On his reaching the deck of the flagship the Americans found they were dealing with the Vice-Governor of the district. He said the Japanese law provided for communicating with foreigners at Nagasaki only, where the Dutch came to trade. The American representative (Lieutenant John Contee) informed him that the Americans considered any such proposition to be in the highest degree disrespectful. Further, they had come to Japan with a message from their President to the ruler of Japan, and that that message should be delivered only to a prince of the highest rank, who especially represented the Japanese ruler. Moreover, it would be delivered only on the shores of the bay where the squadron was now lying, and at a point very near the capital.
Then pointing to the armed boats that swarmed around the Susquehanna, Lieutenant Contee, in an indignant manner, informed the official that the presence of those boats was an insult, and that if the boats did not go away quickly the insult would be resented with violence—even with the cannon.
At that the official ordered the boats away, and the upshot of the visit was that the governor himself came next day on board to negotiate. He was received by two captains—Buchanan and Adams—with Lieutenant Contee, but he was informed that no third-rank official like himself could see the American commodore.
After some little palaver the governor conceded that the Americans might deliver their message there, but insisted that the answer of the Emperor must be sent to Nagasaki. Immediately the watchful Americans noted, although they did not understand the language, that the governor used one term when he spoke of the Emperor and a different one when he spoke of the American President.

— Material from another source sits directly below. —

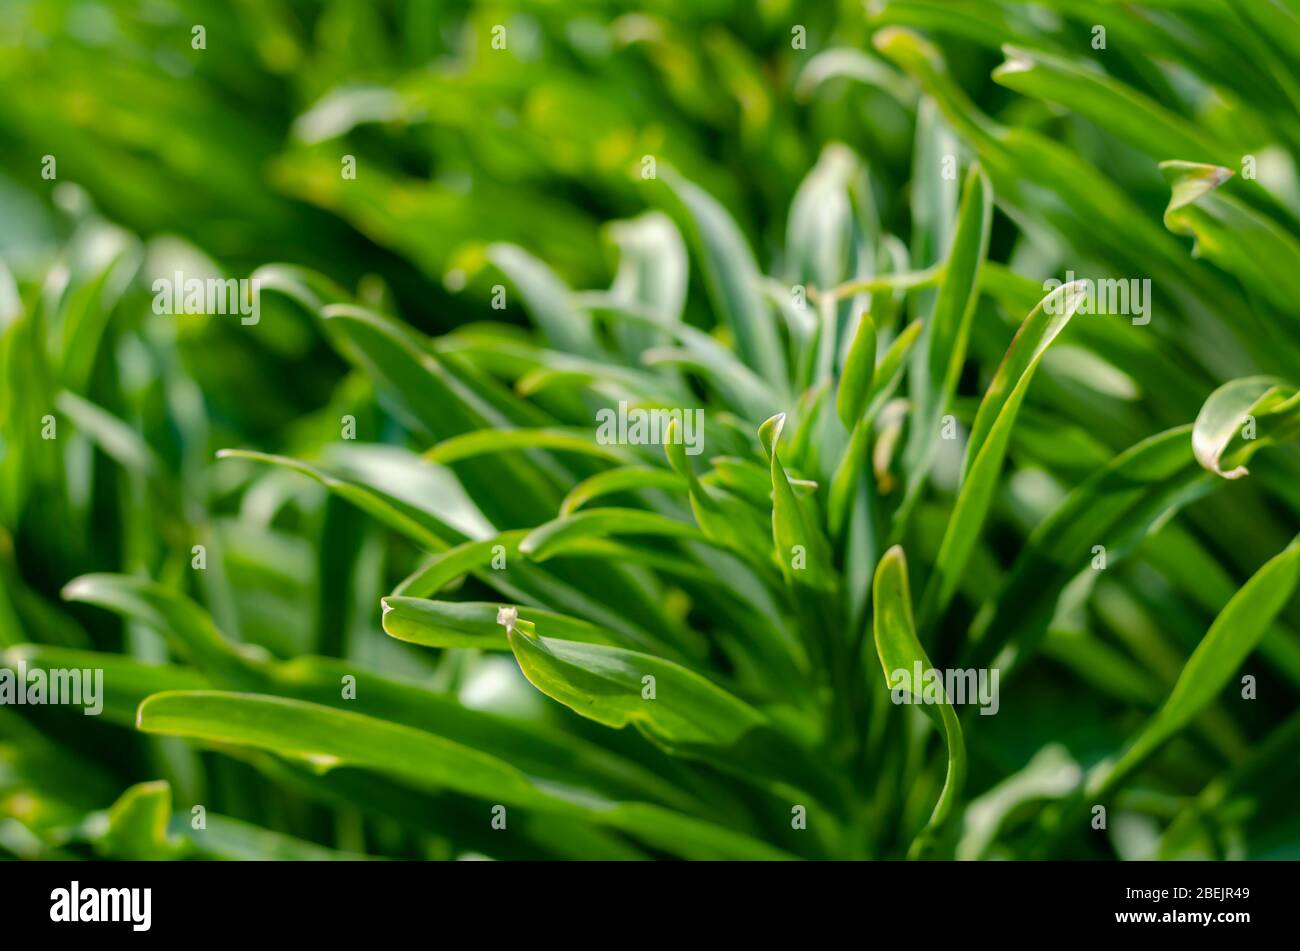 Lily lanceolate ou brindle (Llium lancifolium). Feuilles vertes d'une brousse d'un tigre sans fleurs. Poutres apparentes sur feuilles vertes. Vue latérale. Sélection Banque D'Images

Assuming that he was less respectful in speaking of the President, they demanded that he use the same term for each ruler, and he apologized. Then they told him that the answer to the message would be received only where the message was delivered.
Finding the Americans fully determined, the governor said he would have to appeal to the throne for instructions. This seemed reasonable, but when he said it would take four days to get his instructions back, although the capital was but a few hours away, the Americans said that if the Emperor did not send the order in three days the ships would steam up to the capital to learn the cause of the delay, and in that event the American commodore would go ashore and himself call for the answer to the President’s message to the Emperor.
“I will wait until Tuesday, the 12th day of July, and no longer,” was the emphatic message which Commodore Perry sent to the governor, and that brought the governor to the American terms.
Commodore Perry’s First Landing at Gorahama.
From a lithograph in Perry’s “Narrative.”
It may be worth noting here, as indicating the character of the Japanese, that when the Governor of Uraga came on board he was accompanied by three reporters, who not only wrote down everything that was said, but asked many questions, wrote the answers carefully, and added descriptions of everything they saw about the ships. Like good reporters everywhere, they were careful, in matters of importance, to get everything down in their notebooks, and then verify their notes. They are called Metsko Devantigers—i. e., men who look in all directions.